Some submissions were excluded because from the benchmarks they involved an entirely different approach, such as memoizing the function calls[1].
┌────────────────┬─────────────┬───────────────┬───────────────┬───────────────┬───────────────┐
│ Language │ Algorithm │ Function name │ Median │ Mean │ Relative Mean │
│ │ │ │ [nanoseconds] │ [nanoseconds] │ │
├────────────────┼─────────────┼───────────────┼───────────────┼───────────────┼───────────────┤
│ R (data.table) │ Vectorized │ npv │ 770554 │ 842767 │ 132199 │
│ R │ Vectorized │ npv base │ 4264 │ 46617 │ 7312 │
│ R │ Accumulator │ npv_loop │ 4346 │ 62276 │ 9769 │
│ Rust │ Accumulator │ npv1 │ 22 │ 22 │ 3 │
│ Rust │ Accumulator │ npv2 │ 14 │ 14 │ 2 │
│ Rust │ Accumulator │ npv3 │ 7 │ 7 │ 1 │
│ Python (NumPy) │ Vectorized │ npv │ missing │ 14261 │ 2237 │
│ Python │ Accumulator │ npv_loop │ missing │ 2314 │ 363 │
│ Python (Numba) │ Accumulator │ npv_numba │ missing │ 626 │ 98 │
│ Julia │ Vectorized │ npv1 │ 235 │ 228 │ 36 │
│ Julia │ Vectorized │ npv2 │ 236 │ 218 │ 34 │
│ Julia │ Accumulator │ npv3 │ 15 │ 14 │ 2 │
│ Julia │ Accumulator │ npv4 │ 11 │ 11 │ 2 │
│ Julia │ Accumulator │ npv5 │ 11 │ 11 │ 2 │
│ Julia │ Accumulator │ npv6 │ 9 │ 9 │ 1 │
│ Julia │ Accumulator │ npv7 │ 8 │ 8 │ 1 │
│ Julia │ Accumulator │ npv8 │ 7 │ 7 │ 1 │
│ Julia │ Accumulator │ npv9 │ 6 │ 6 │ 1 │
└────────────────┴─────────────┴───────────────┴───────────────┴───────────────┴───────────────┘
To aid in visualizing results with such vast different orders of magnitude, this graph includes a physical length comparison to serve as a reference. The computation time is represented by the distance that light travels in the time for the computation to complete (comparing a nanosecond to one foot length goes at least back to Admiral Grace Hopper).
Discussion
For more a more in-depth discussion of these results, see this post.

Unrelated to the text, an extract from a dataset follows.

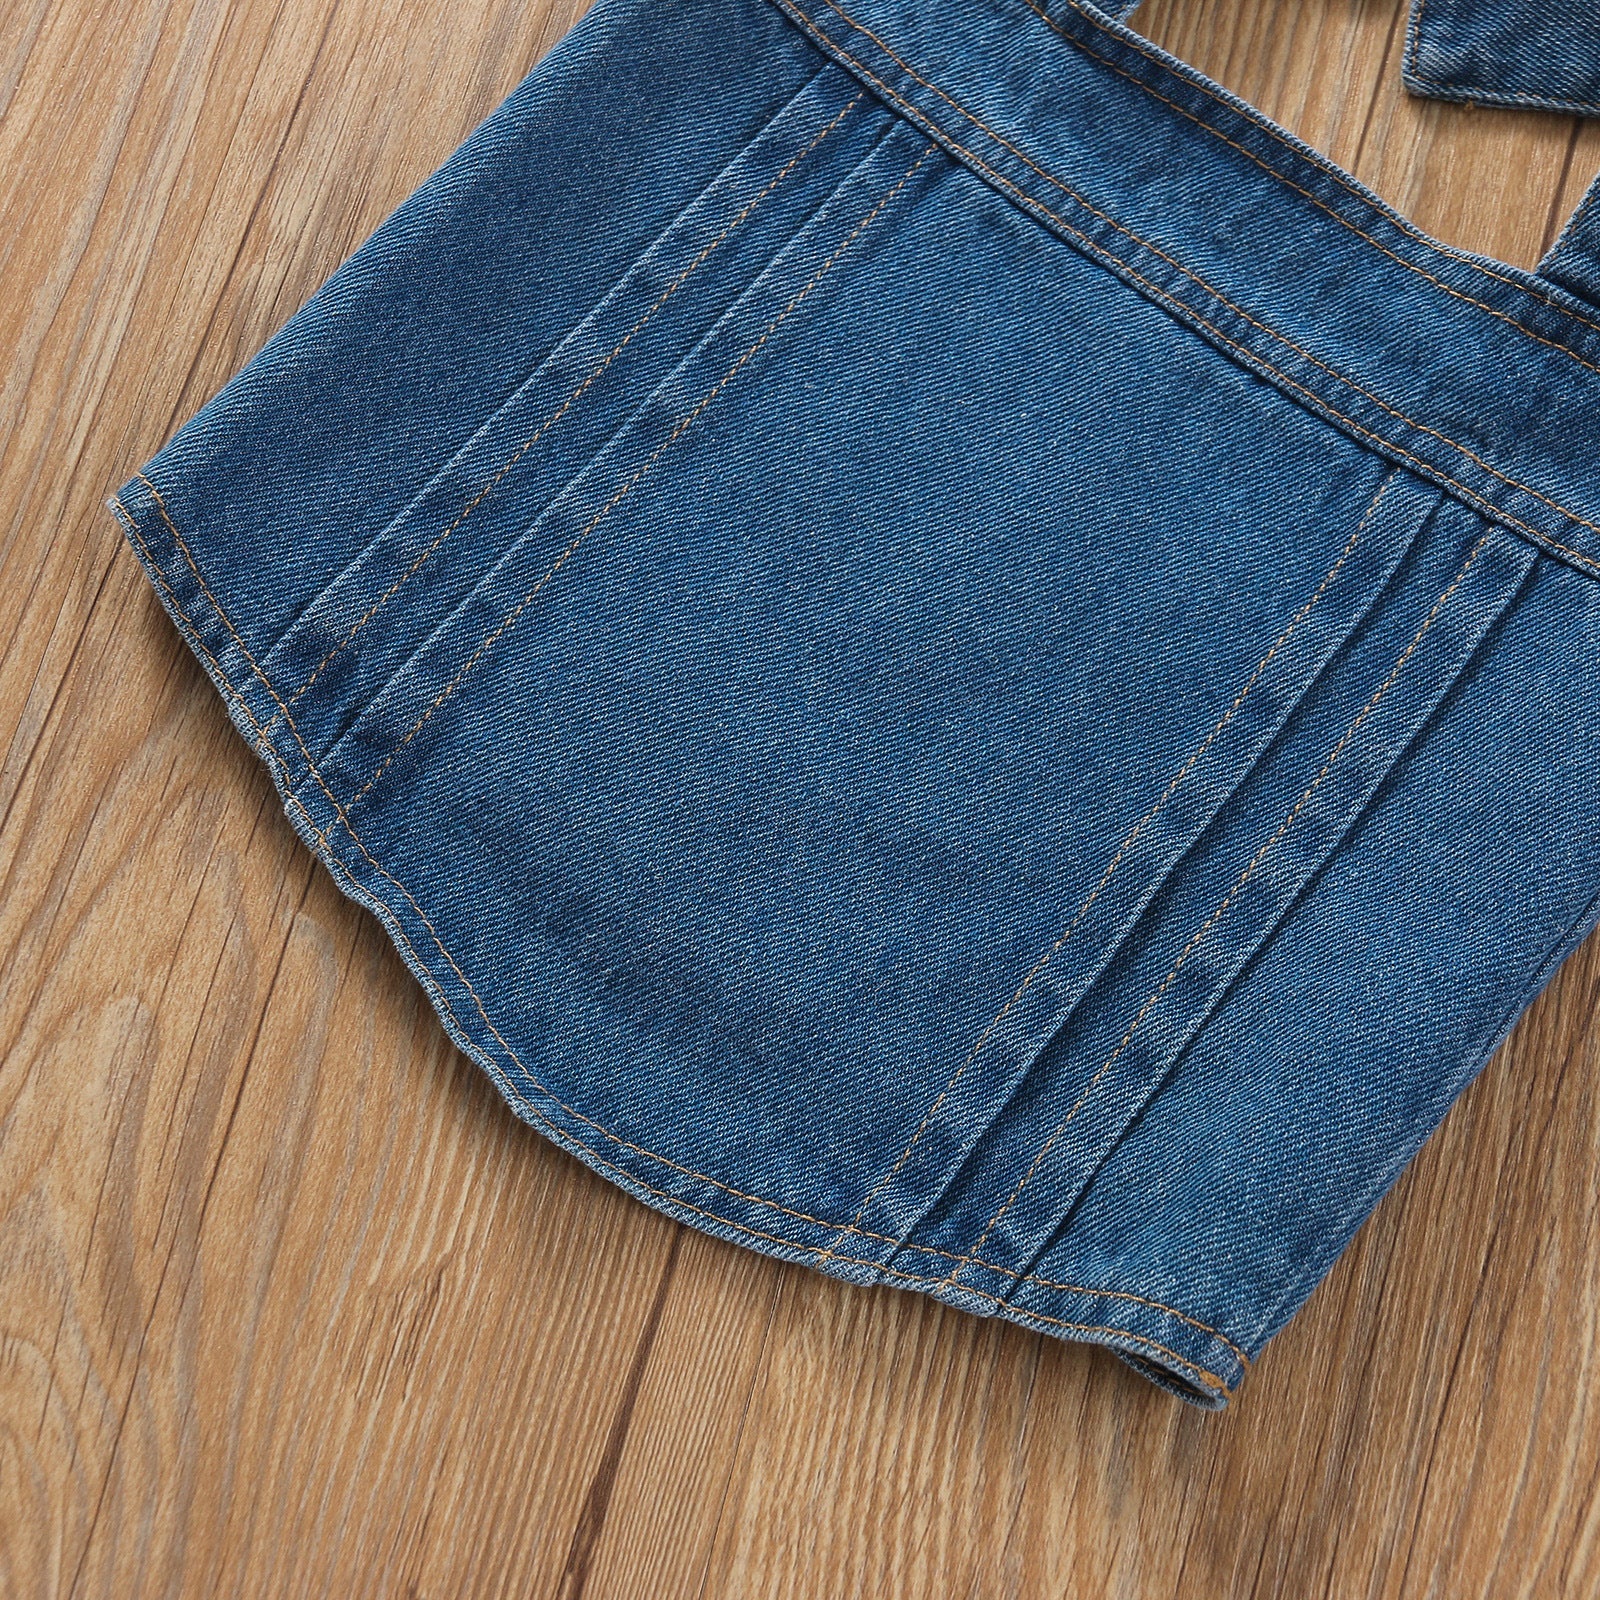 Toddler Kids Girls Bow Suspender Denim Jacket with Holes Denim Pants Set

All of the benchmarked code can be found in the JuliaActuary Learn repository. Please file an issue or submit a PR request there for issues/suggestions.
IRRs
Task: determine the IRR for a series of cashflows 701 elements long (e.g. monthly cashflows for 60 years).
Benchmarks
Times are in nanoseconds:
┌──────────┬──────────────────┬───────────────────┬─────────┬─────────────┬───────────────┐
│ Language │ Package │ Function │ Median │ Mean │ Relative Mean │
├──────────┼──────────────────┼───────────────────┼─────────┼─────────────┼───────────────┤
│ Python │ numpy_financial │ irr │ missing │ 519306422 │ 123146x │
│ Python │ better │ irr_binary_search │ missing │ 3045229 │ 722x │
│ Python │ better │ irr_newton │ missing │ 382166 │ 91x │
│ Julia │ ActuaryUtilities │ irr │ 4185 │ 4217 │ 1x │
└──────────┴──────────────────┴───────────────────┴─────────┴─────────────┴───────────────┘Discussion
The ActuaryUtilities implementation is over 100,000 times faster than numpy_financial, and 91 to 722 times faster than the better Python package. The ActuaryUtilities.jl implementation is also more flexible, as it can be given an argument with timepoints, similar to Excel's XIRR.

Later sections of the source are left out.